Cleveland is like that guy who wants to be like, but whatever he does seems to backfire into something that just makes our relationship worse.

I started coming to Cleveland about 12 years ago. If you never been, it still remains a very blue collar, very midwestern, very steel driven city. Driving around town, you can still smell the smoke and fumes from centuries of industry. Even it’s historical areas call back to days when America was built on the back of Cleveland labors. With Lake Erie to the North and the Cuyahoga River valleys running through the metro area, it can be a pretty place to visit.

But then again, centuries of industry have a way to real havoc on that beauty. I mean, one of their claims to fame is that their river caught on fire. Who does that? There really isn’t as much to see as you might think. The Rock n Roll hall of fame is nothing more than a building that has pictures you can download off of the internet … just without paying $30 to get in the door. The downtown area has some old buildings, but once you have driven though, that’s about it. They have some interesting sports stadiums but … Cleveland sports teams play there, so good luck with that.

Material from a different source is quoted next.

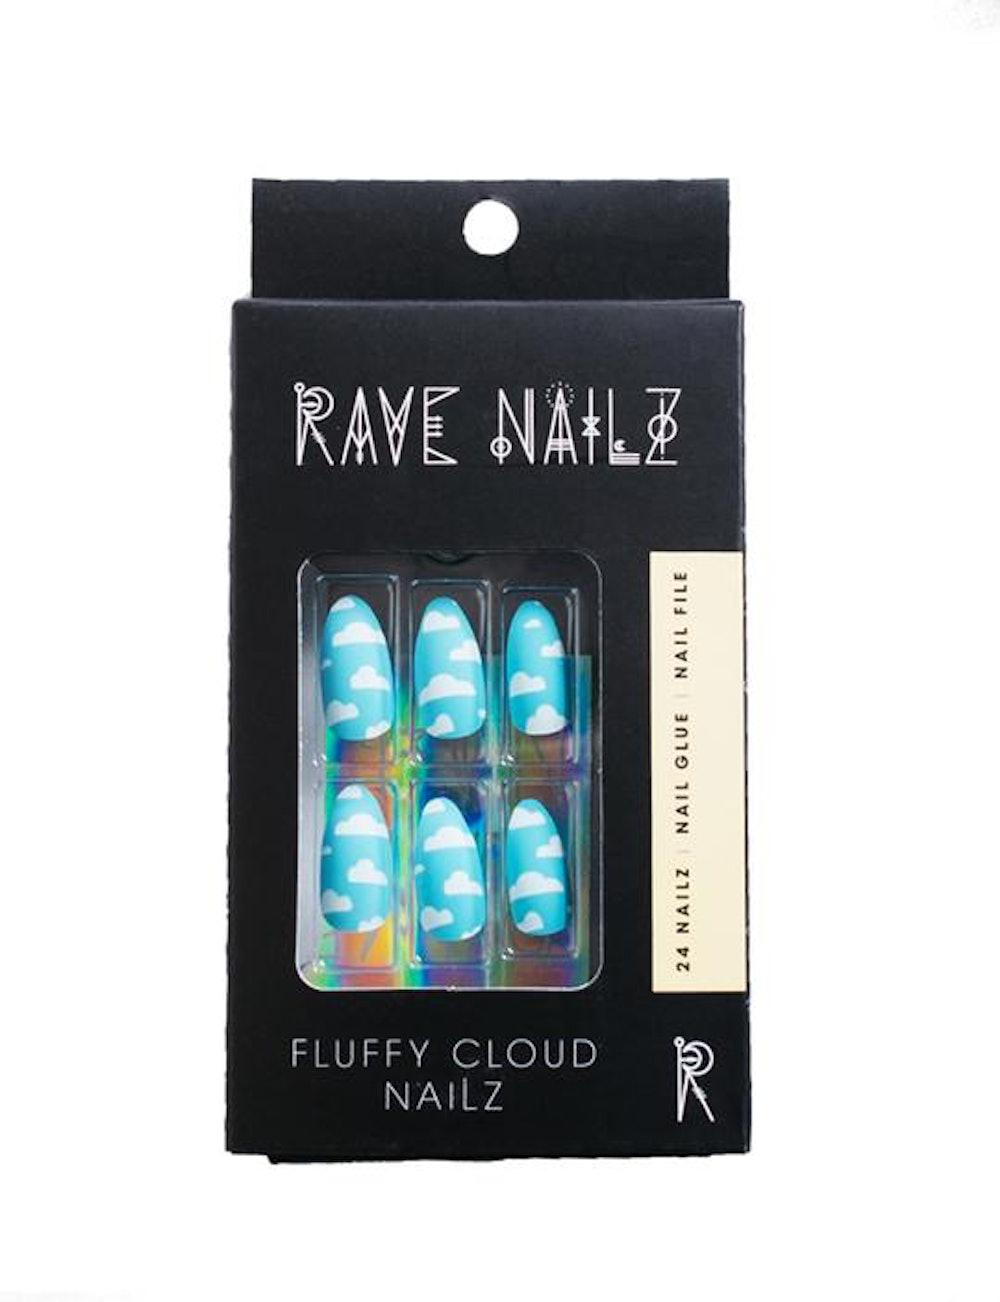 Fluffy Cloud Nailz
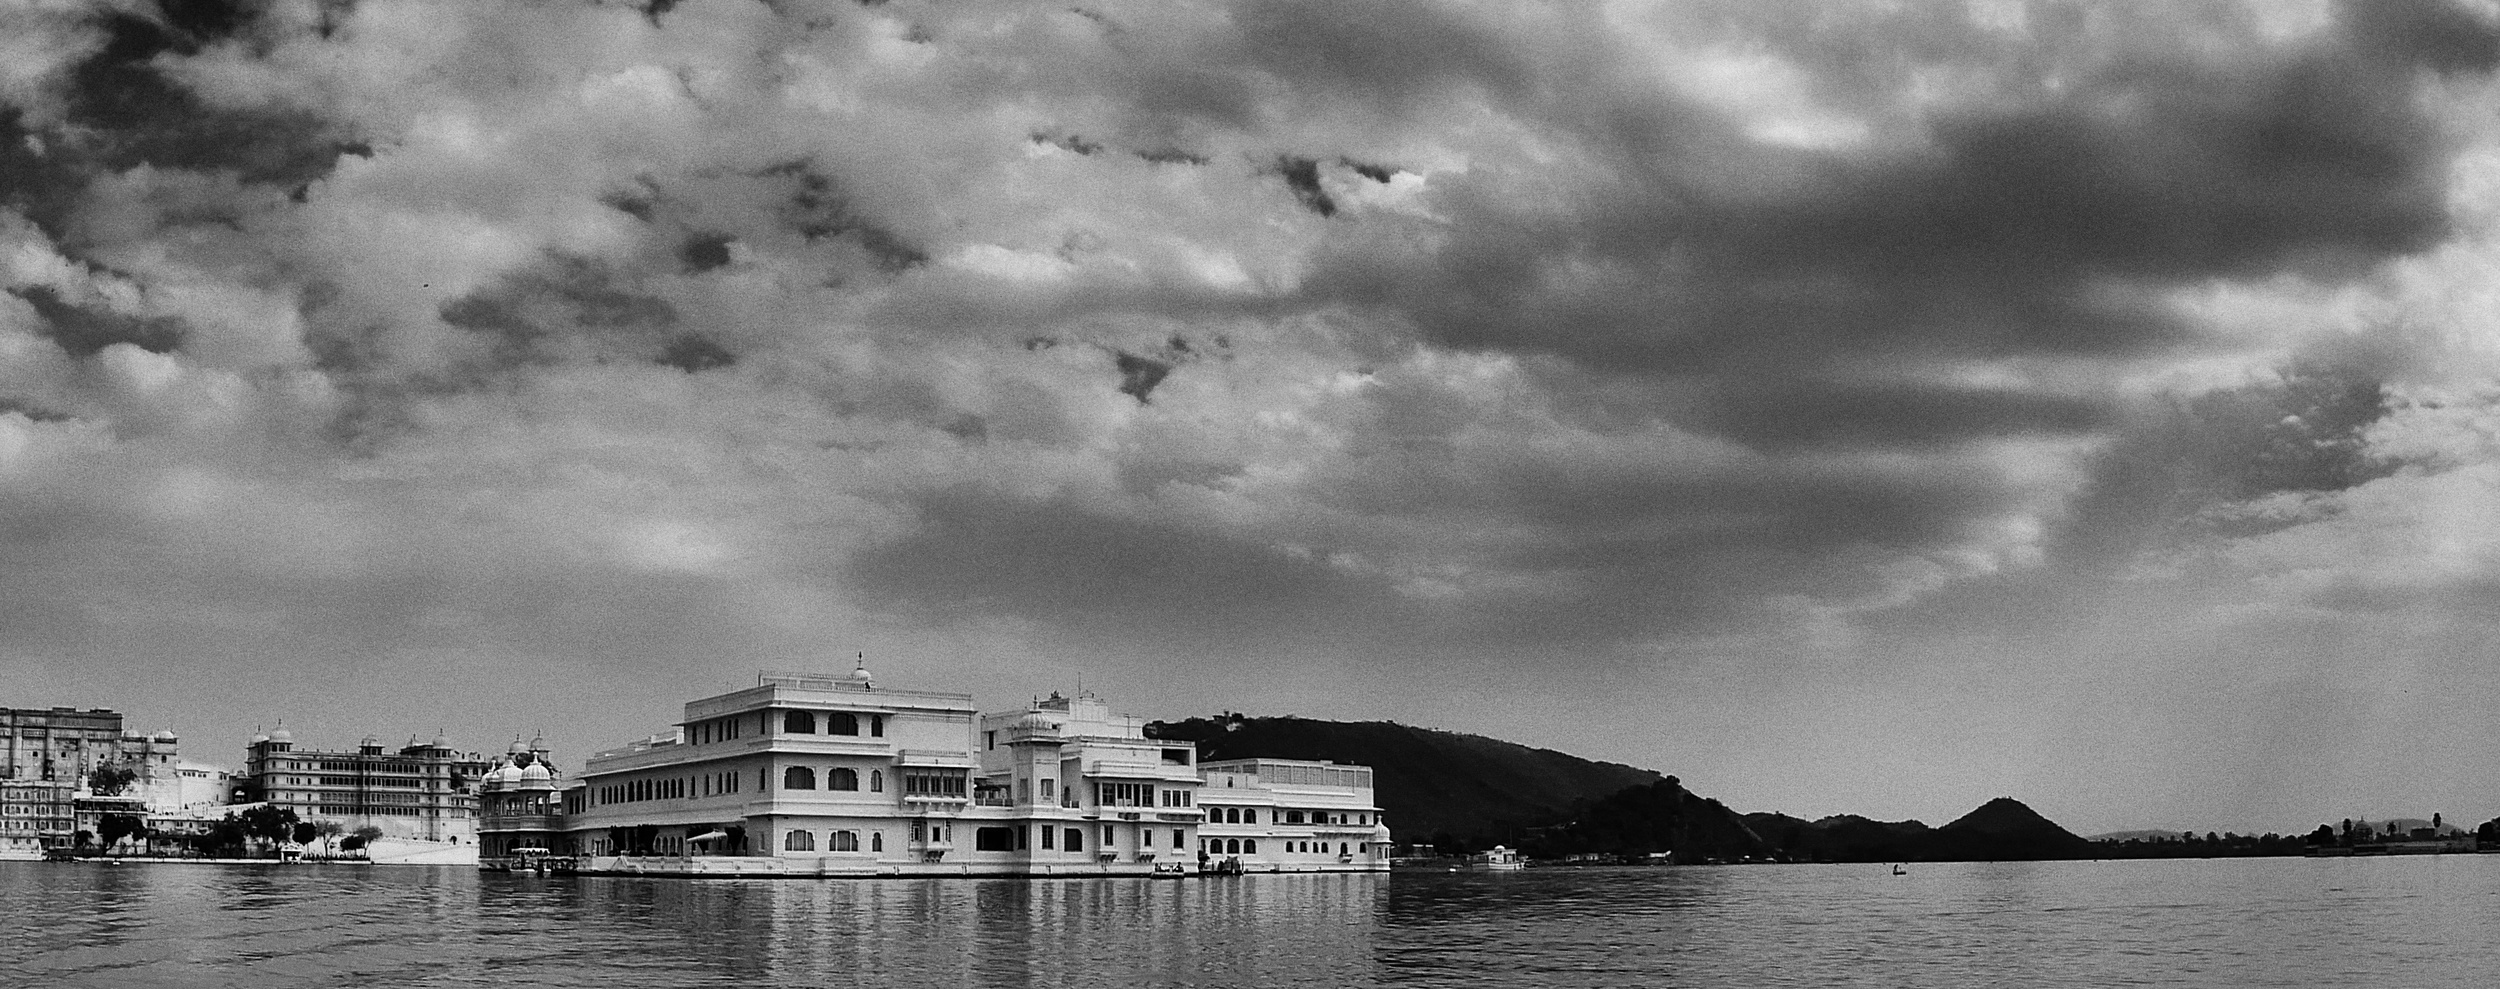 Lakepal8.jpg

So much of my problems with Cleveland come from circumstance. When I was coming here a lot, I was coming here a lot. One calendar year, I visited the city five times. Each time I was here, I had to deal with a company that always seemed to battle over what was best for my place and theirs … and every time I was here it snowed; including once in May.

Weather is a battle with Cleveland. It is just south of the Lake Effect Snow Belt, which means … yeah … May snows. Not just that but lots of it too. In one epic trip I made with long time Bear Feeder, Rusty Johnson,. We drove through white out conditions down from Buffalo, in a trip that too way way way too long.

It’s the flights I always groaned about. Back in those days when I was based in Wichita, the only good flight was a DFW connection, in a place that had one extra seat per row than the commuter flight should have had in a 2-1/2 hour flight that always was sold out out — that meant I always seemed to bet the last row aisle seat, which was really a middle seat with the flight attendant on one side, and the toilet pressed against the other. Seems they upgraded that route to be a MD-80 … you know, those planes that were built in the 1970s that used to be called DC-9, but changed their names 15 years ago, and still flying? Way to upgrade Cleveland.

Honestly though, Cleveland tries. I can honestly state for all my visits to Cleveland, I am confronted with some great people being nice in their own genuine way. When I first started coming here, a colleague turned me onto a hotel where the concierge lounge was manned by a foul mouth hilarious but motherly attendant. She was such a great personality that you would find dozens of business travelers sitting in the lounge silently as she spouts off about everything from her clunker of a car to the quality of egg rolls .. and every one in that room said they were staying at the hotel just because of her. After she retired, there was the legendary Janice at the Embassy Suites who tended bar five nights a week and never forgot a name, home town, place of work, and whatever life story you told her over a good bourbon or three. I might not visit for a year or two and she still remembered me … and everyone.

So forgive me if I am not in a rush to hurry back to Cleveland; we just have that bad relationship thing happening here.

But if my plane doesn’t arrive from DFW soon, I may never get the opportunity to leave.